El que comprenda el principio vibratorio ha alcanzado el cetro del poder. Y por eso continuamos estudiando este apartado del Kybalión. La física cuántica descubrió, experimentalmente, que el quantum se comporta de forma diferente cuando un ojo humano lo observa. Esotéricamente, se dice que lo observado cambia bajo la mirada del observador. En ambos casos, estamos hablando de dos (o más, incluso) esferas de existencia que se modifican mutuamente en cuanto se vuelven conscientes una de la otra, puesto que el observador también cambia al darse cuenta del nuevo comportamiento de lo observado.

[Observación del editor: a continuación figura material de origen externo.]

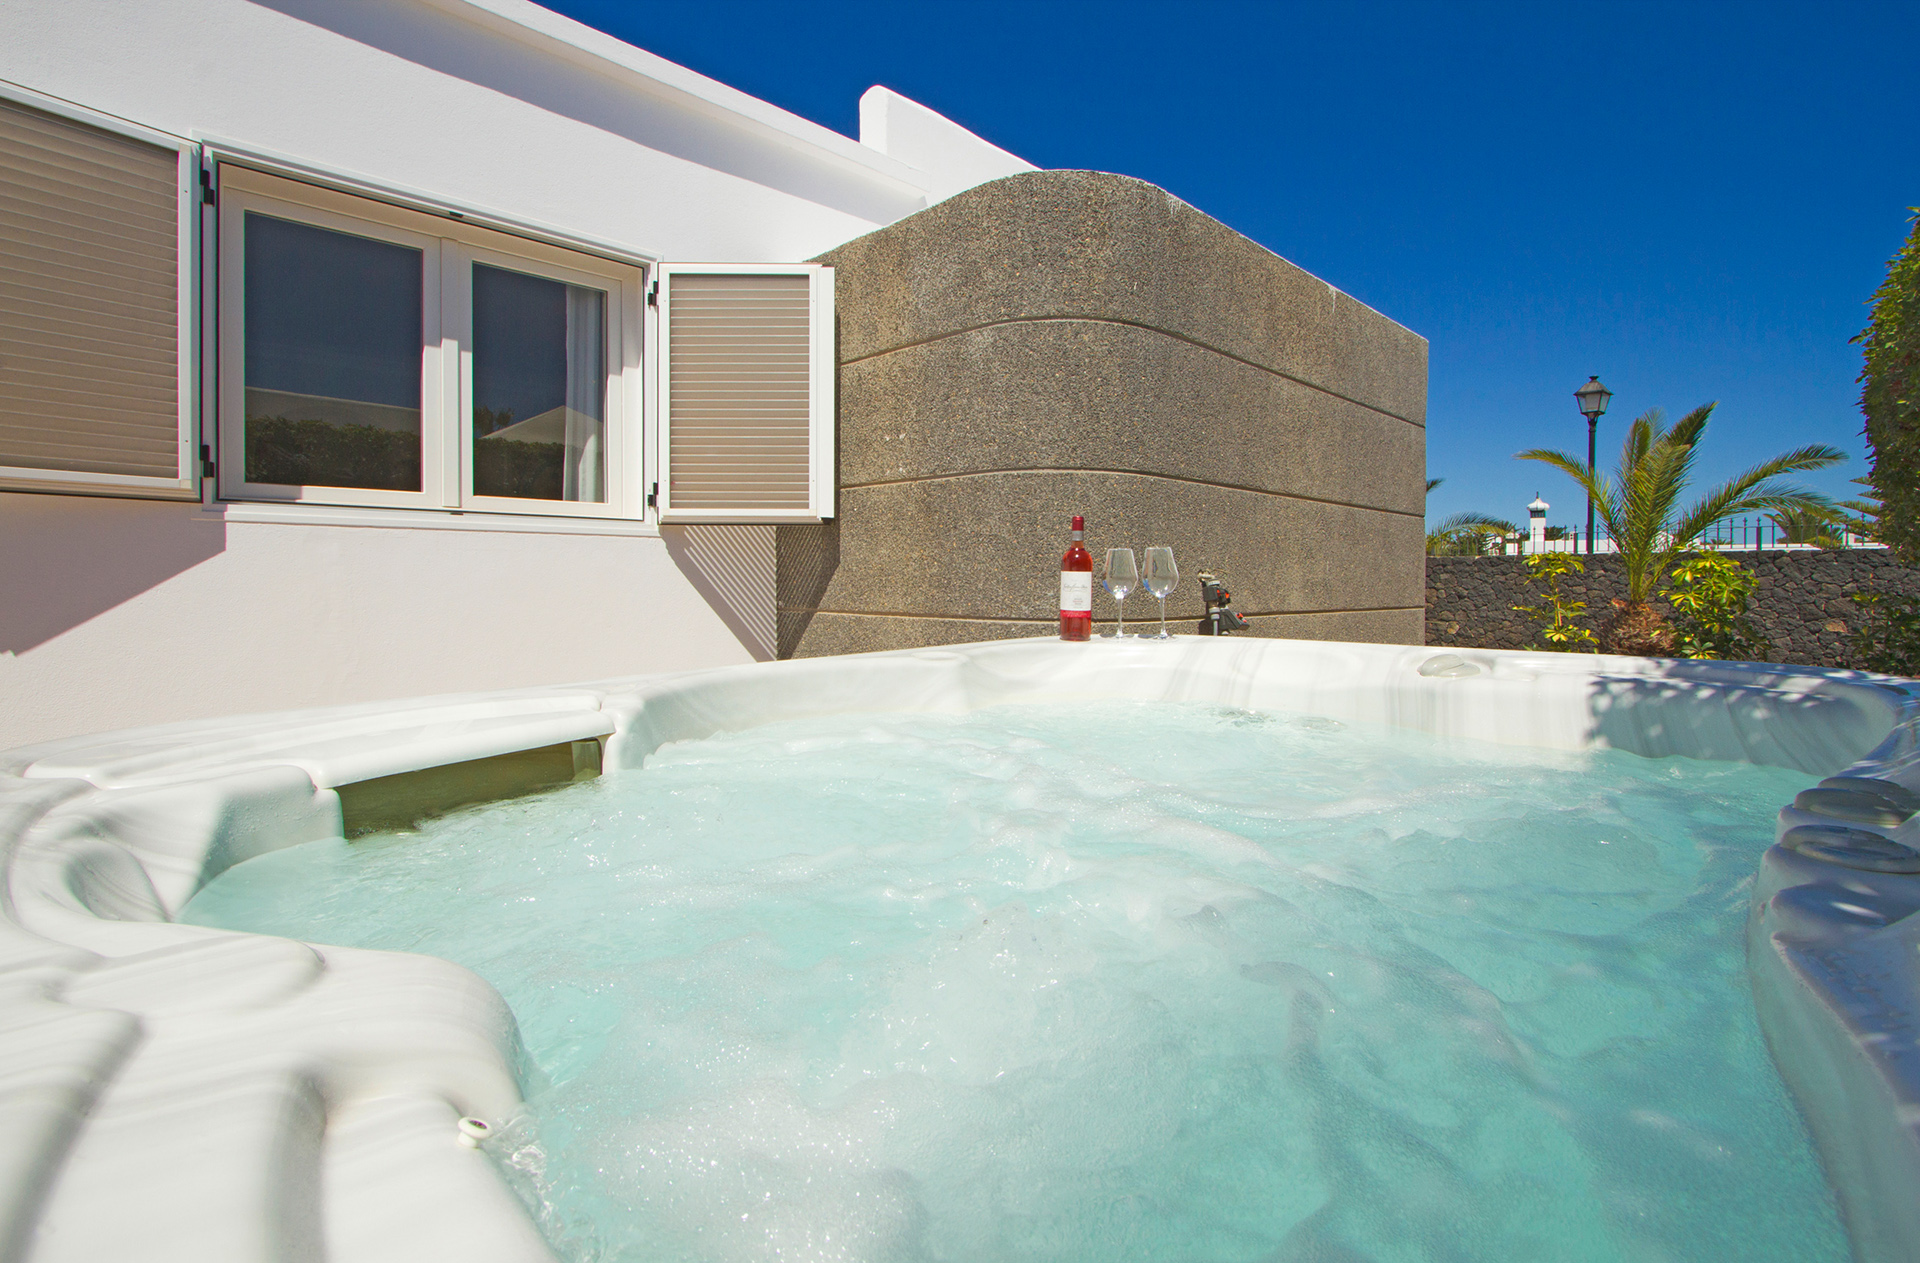 Ferienhaus Lanzarote Whirlpool 1

El observador adquiere conocimiento sobre lo observado, y a partir de éste podrá cederle el turno al transmutador, que ha recorrido un largo camino iniciático, a través de los arcanos mayores del tarot, desde el mundo, hasta convertirse en el Mago, el creador consciente, que sabe cómo generar las vibraciones necesarias para manifestar la realidad que desea.

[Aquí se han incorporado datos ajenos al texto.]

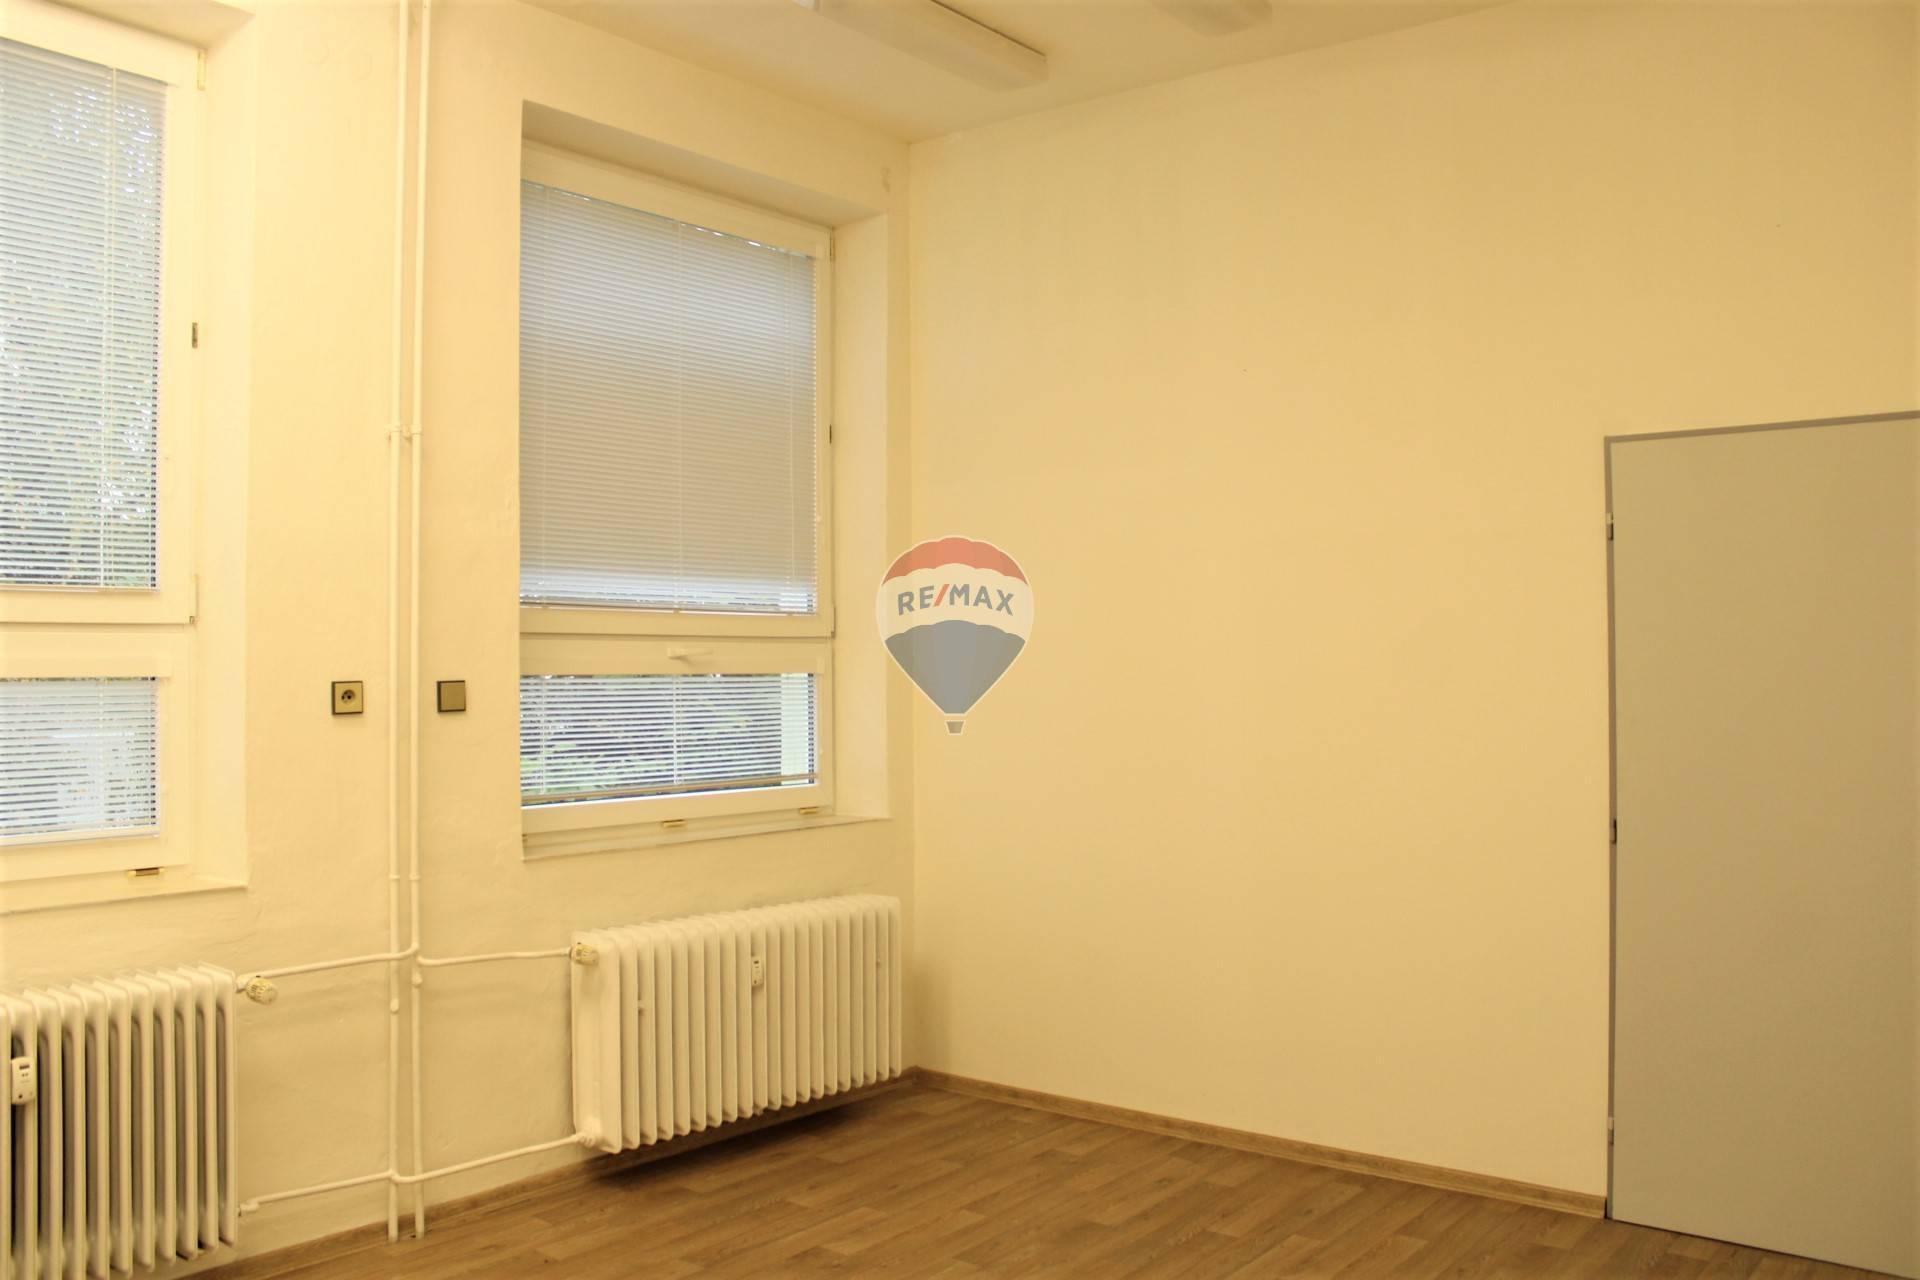 Prenájom, kancelársky priestor, Spišská Nová Ves, ul. Stará cesta,

Puede sonar intrincado, demasiado misterioso o difícil, pero en realidad es simple, como manejar un coche de velocidades (si Aleister Crowley o Paul Foster Case me oyeran se volverían a morir): comenzamos con la intención, que es el encendido; seguimos con la imaginación detallada, detalladísima, primera velocidad; la generación de las sensaciones, siempre agradables, a partir de esas imágenes, segunda velocidad; con la conciencia de que nuestra mente no distingue entre lo real y lo imaginario, experimentamos lo imaginado como una realidad presente, tercera velocidad; creamos una frase de propósito, ligándola a las imágenes, y la decimos en voz alta, poniendo atención a cualquier incomodidad o escepticismo, que deberemos debilitar, bien con un diálogo interior, o con técnicas como el tapping, cuarta velocidad; ponerse cómodo, pero no relajado, para volver mentalmente a las imágenes y corporalmente a las sensaciones, hasta estar en armonía con todo ello (de no ser así, regresar a la cuarta velocidad, para desactivar las incomodidades, tras las cuales siempre hay un pensamiento boicoteador), decir entonces la frase en voz alta o internamente, las veces que sean necesarias para sentirse absolutamente convencido y vibrando en consecuencia, quinta velocidad.

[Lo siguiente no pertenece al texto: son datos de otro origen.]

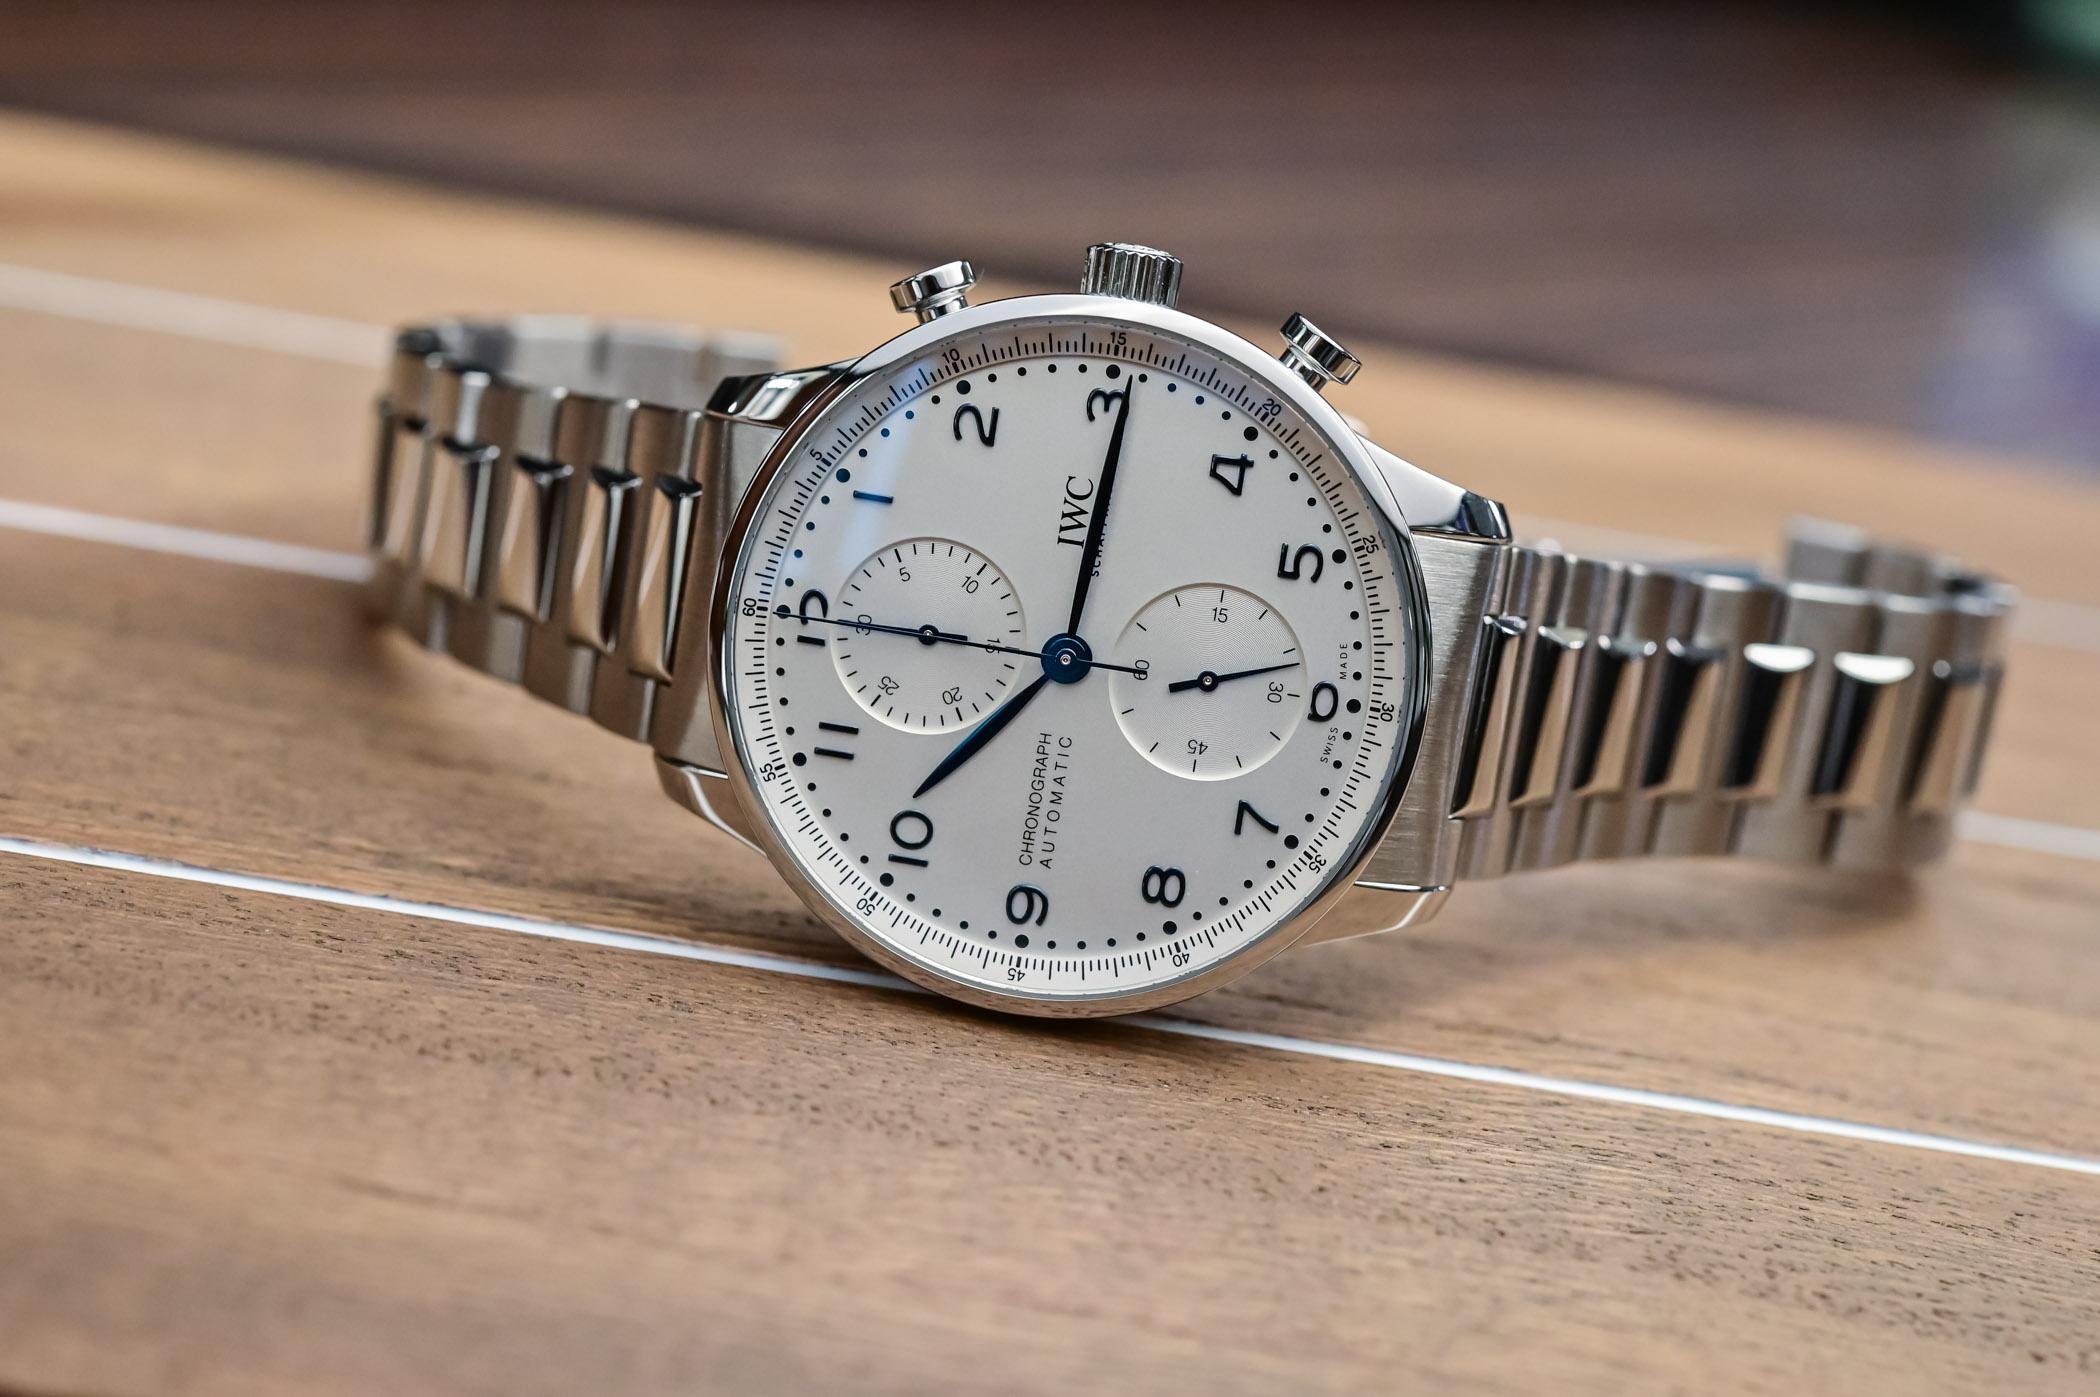 IWC Portugieser Chronograph 3716 Steel Bracelet IW371617 - 7

Como manejar un coche, esto requiere práctica; cada vez se hace mejor, hasta que un día nos encontramos haciéndolo en automático, justo como manejar. Pero para entonces habremos hecho un sorprendente recorrido interior que expandirá nuestra conciencia; es decir, nos habremos convertido en iniciados.

Cuando no haya ni un átomo de duda en la factibilidad de nuestros propósitos, veremos milagros.